となると、私にとっての感慨といえば、先月の訃報欄で見たふたつの小さな記事ということになる。高城淳一といえば、まず大方はテレビ草創期の人気ドラマ『事件記者』での、安ポマードの匂うリーゼントスタイルの髪型で部下の山田吾一を怒鳴りつけてばかりいる二流新聞の記者の役にとどめを刺すだろうが、高城に限らず、当時はまだラジオドラマ全盛時代がダブっていたから、この世代の若い新劇人というのは、同時にラジオドラマの人気者でもあった。高橋昌也だとか名古屋章だとか、その他その他、私はまず、ラジオの声で知ったのだった。(いまもなお矍鑠としている久米明などもその生き残りである。)この辺りのことを、その内、もう少しきちんと思い出して書いておくのは意義があるかもしれない。

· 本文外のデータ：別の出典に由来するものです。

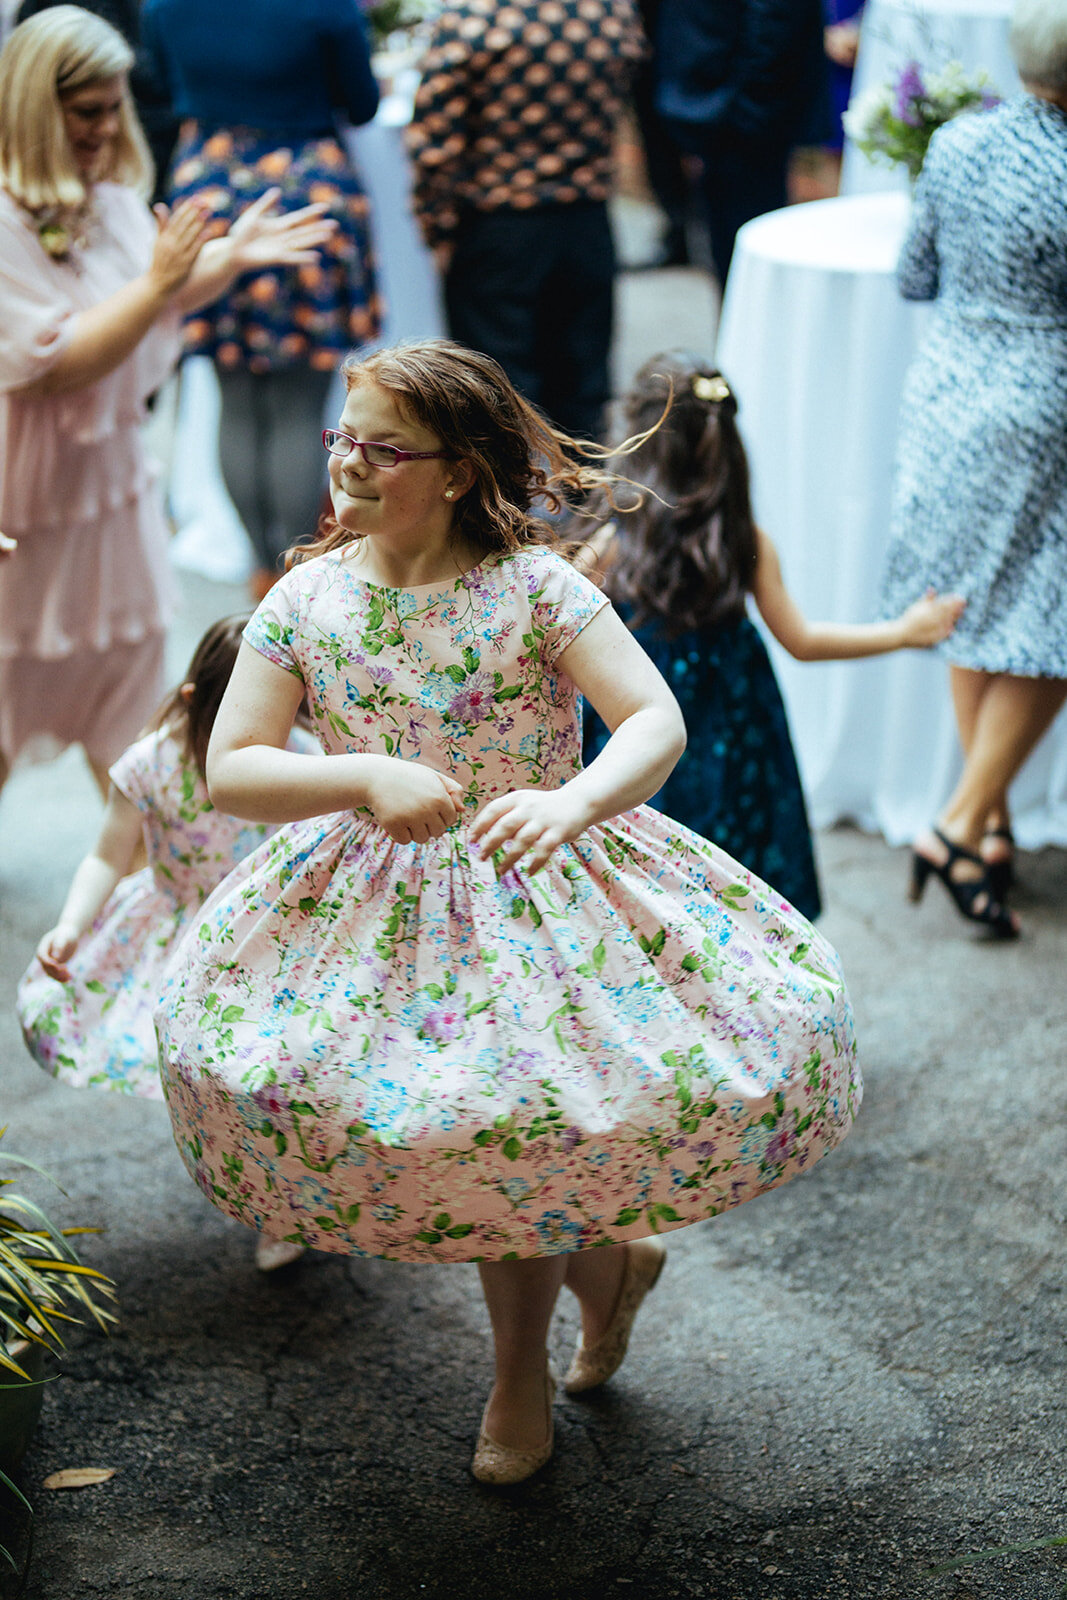 Little girls dancing in matching dresses at Atlanta wedding Guests dancing at backyard reception in Atlanta GA Shawnee Custalow Photographer

もうひとりの浜口喜博は、戦後の水泳界で古橋・橋爪に次ぐスターだった。ということは、全盛時代がオリンピック不在と重なった悲運の世代でもあるわけだが、中・長距離泳者の古橋・橋爪に対し浜口は短距離陣のエースだった。なかなかの男前でもあったから、現役を引退後は大映映画のスターになって、『ブルーバ』という(じつは正確な題名を思い出せなかったので『キネ旬』総目録という虎の巻を確認した)ターザン亜流の映画に主演したのが、当時われわれ中学生の話題だった。1920年代の金メダリストだったジョニー・ワイズミュラーがターザン役者としてハリウッドのスターとなって活躍していたのの、何匹目だかの泥鰌となったわけだ。もっともその後、役者としてこれといった仕事をした記憶はない。訃報を見ると、やはり水泳界ではそれなりのエライ人になっていたらしいから、他人事ながら安心した。